- [EXTRACTED RECORDS]
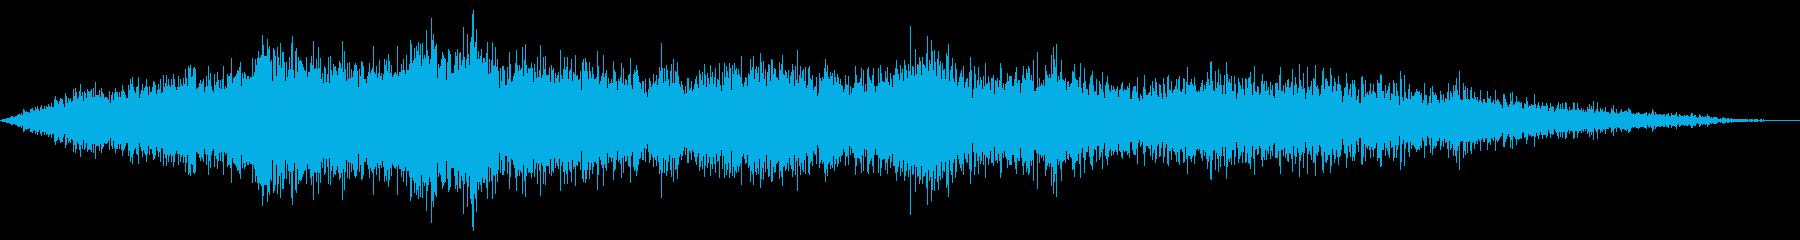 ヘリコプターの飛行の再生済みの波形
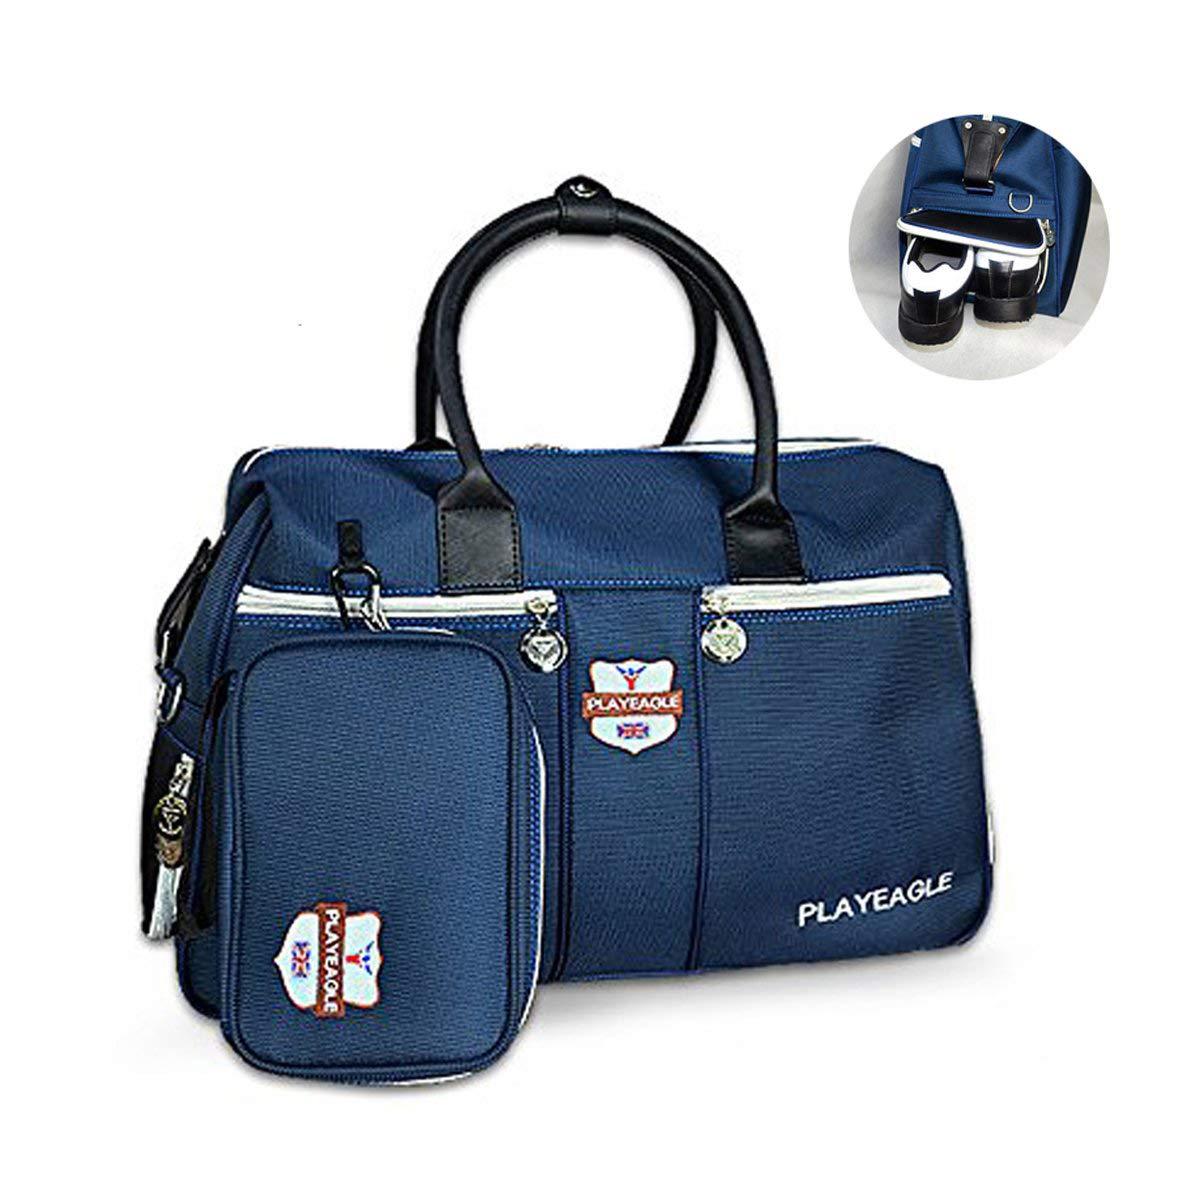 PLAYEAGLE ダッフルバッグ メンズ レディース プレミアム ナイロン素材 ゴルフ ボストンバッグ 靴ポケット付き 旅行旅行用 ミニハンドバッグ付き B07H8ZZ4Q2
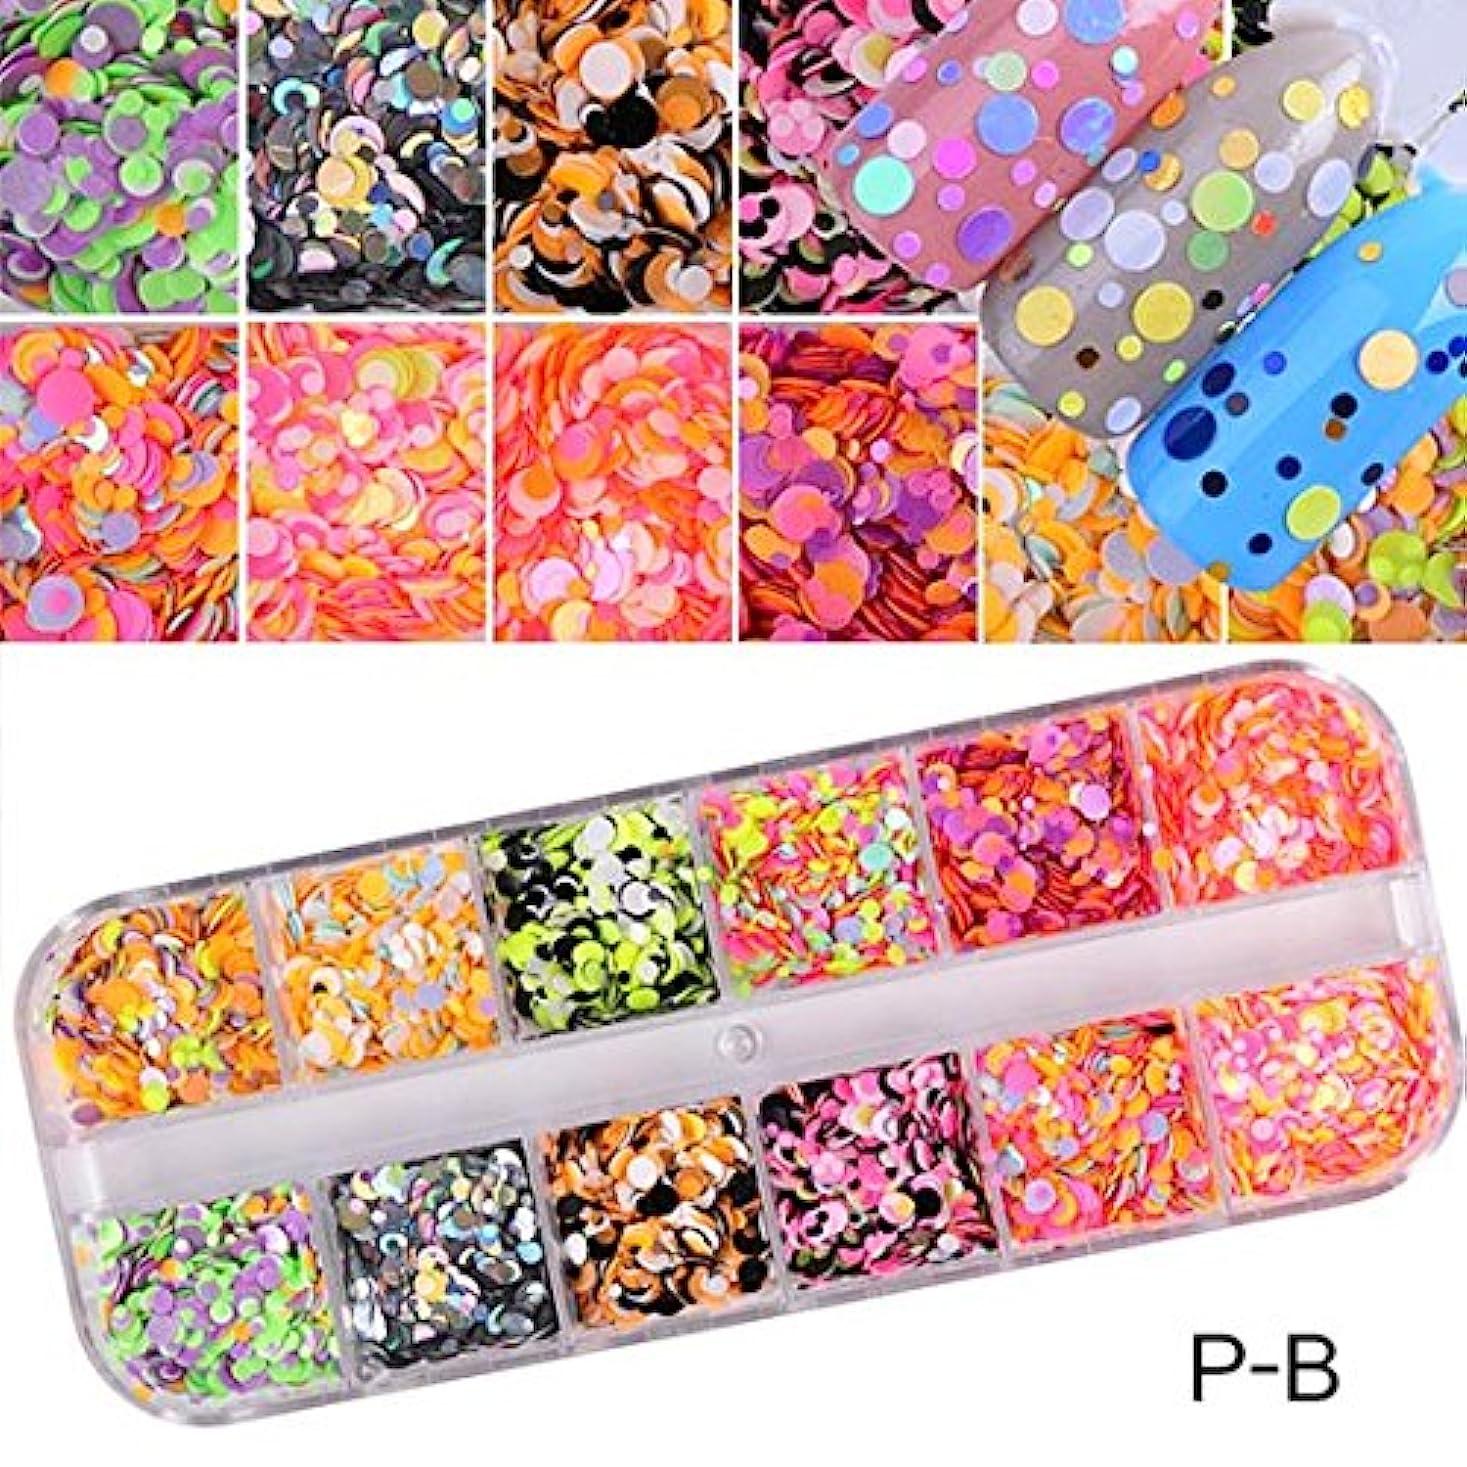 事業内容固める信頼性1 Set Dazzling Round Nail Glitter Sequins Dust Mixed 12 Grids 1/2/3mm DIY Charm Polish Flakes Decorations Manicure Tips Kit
---
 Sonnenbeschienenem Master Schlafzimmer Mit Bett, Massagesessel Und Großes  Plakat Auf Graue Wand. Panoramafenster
==
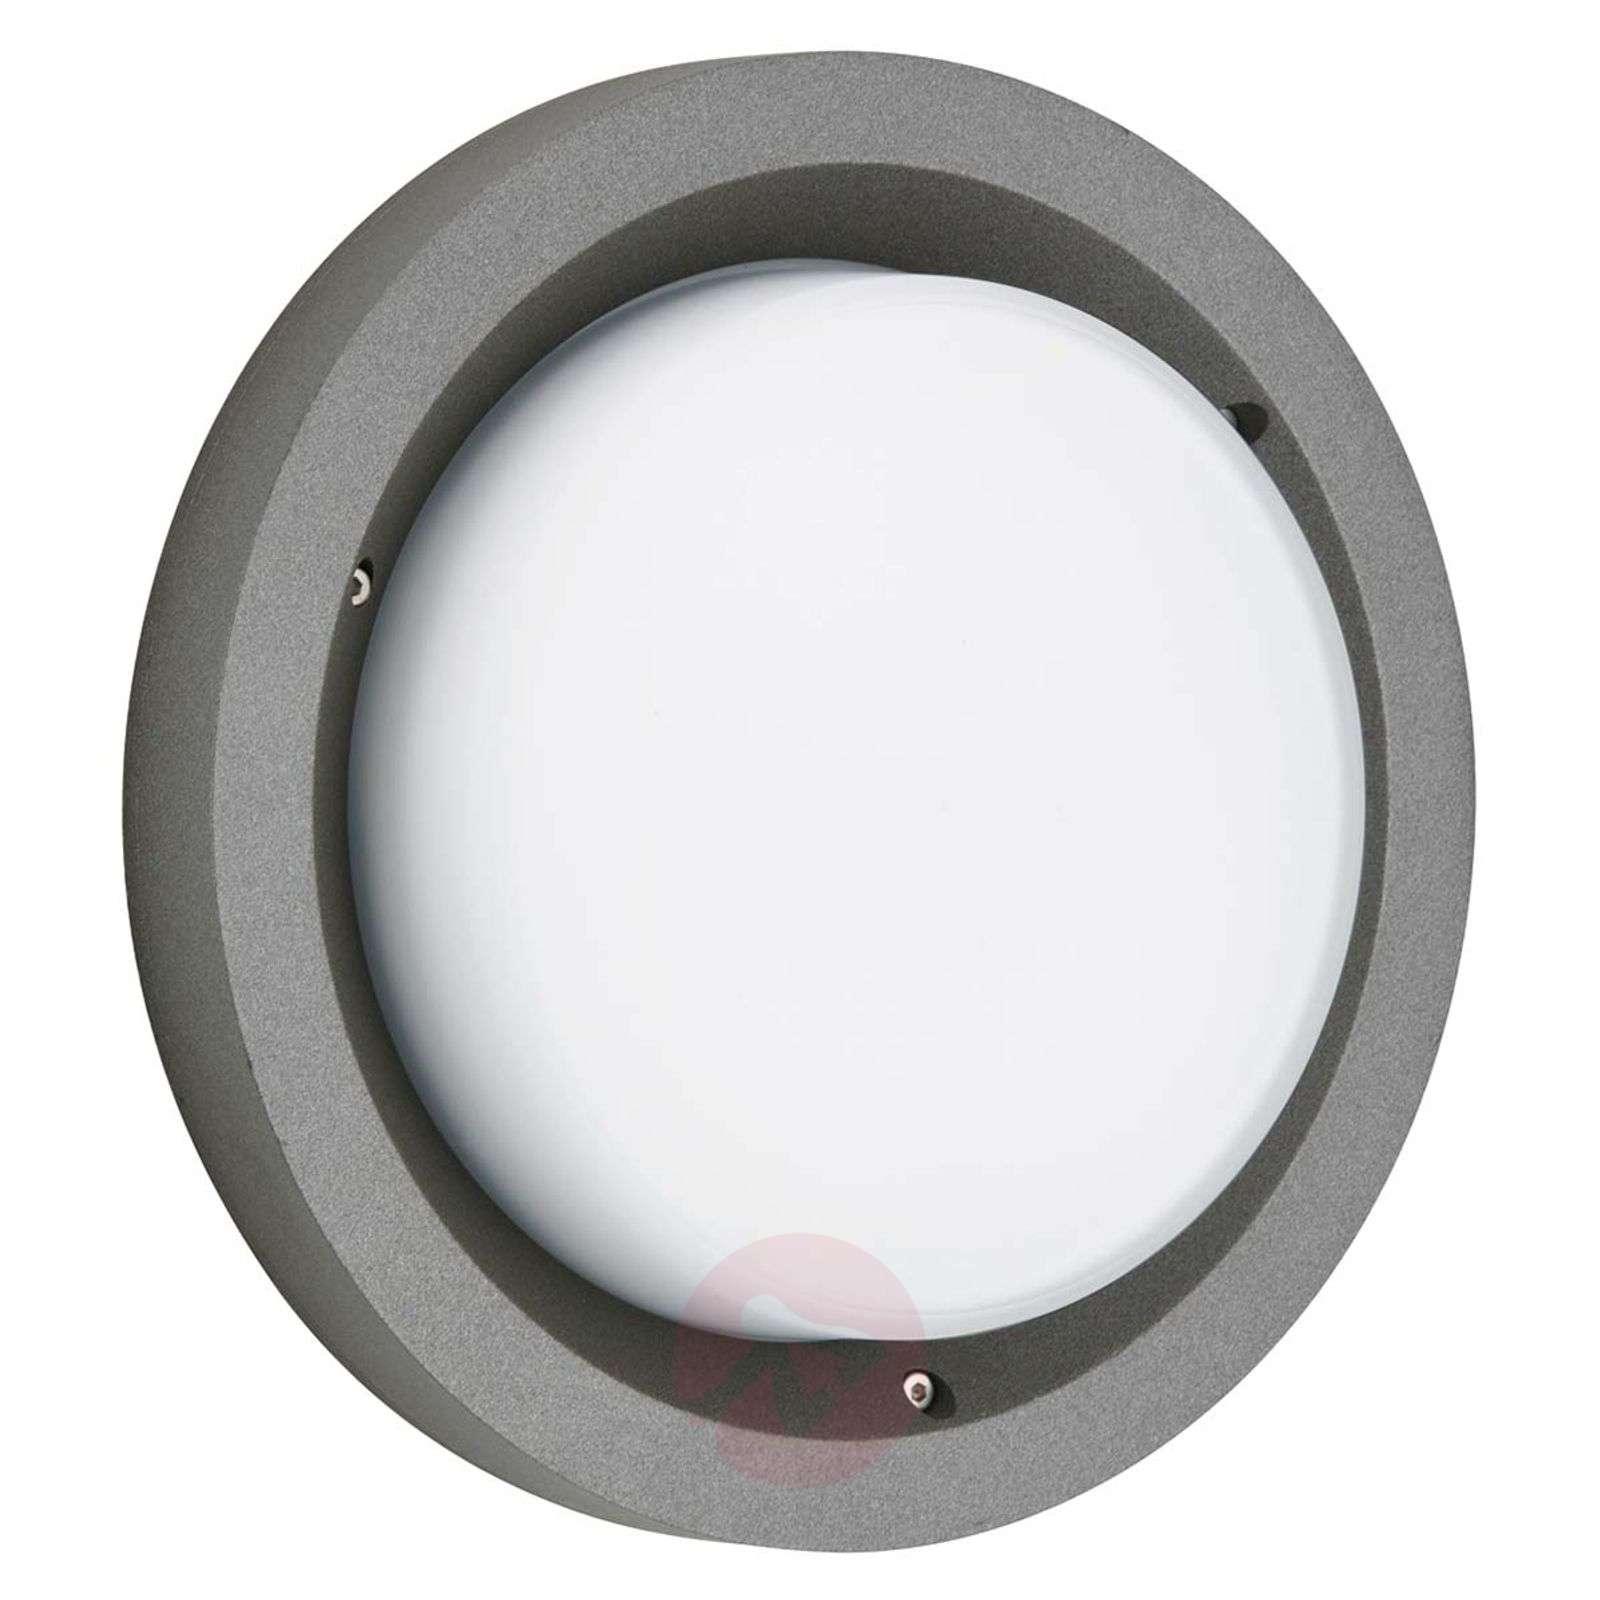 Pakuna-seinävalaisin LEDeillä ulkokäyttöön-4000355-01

- [WORK TASK] Although pictures appear among the records above, write out exactly only the lines from the one that has "PLAYEAGLE ダッフルバッグ メンズ" through the one that has "事業内容固める信頼性1 Set Dazzling", and leave the pictures out.

- [RESULT FOR THIS EXERCISE]
 PLAYEAGLE ダッフルバッグ メンズ レディース プレミアム ナイロン素材 ゴルフ ボストンバッグ 靴ポケット付き 旅行旅行用 ミニハンドバッグ付き B07H8ZZ4Q2
 事業内容固める信頼性1 Set Dazzling Round Nail Glitter Sequins Dust Mixed 12 Grids 1/2/3mm DIY Charm Polish Flakes Decorations Manicure Tips Kit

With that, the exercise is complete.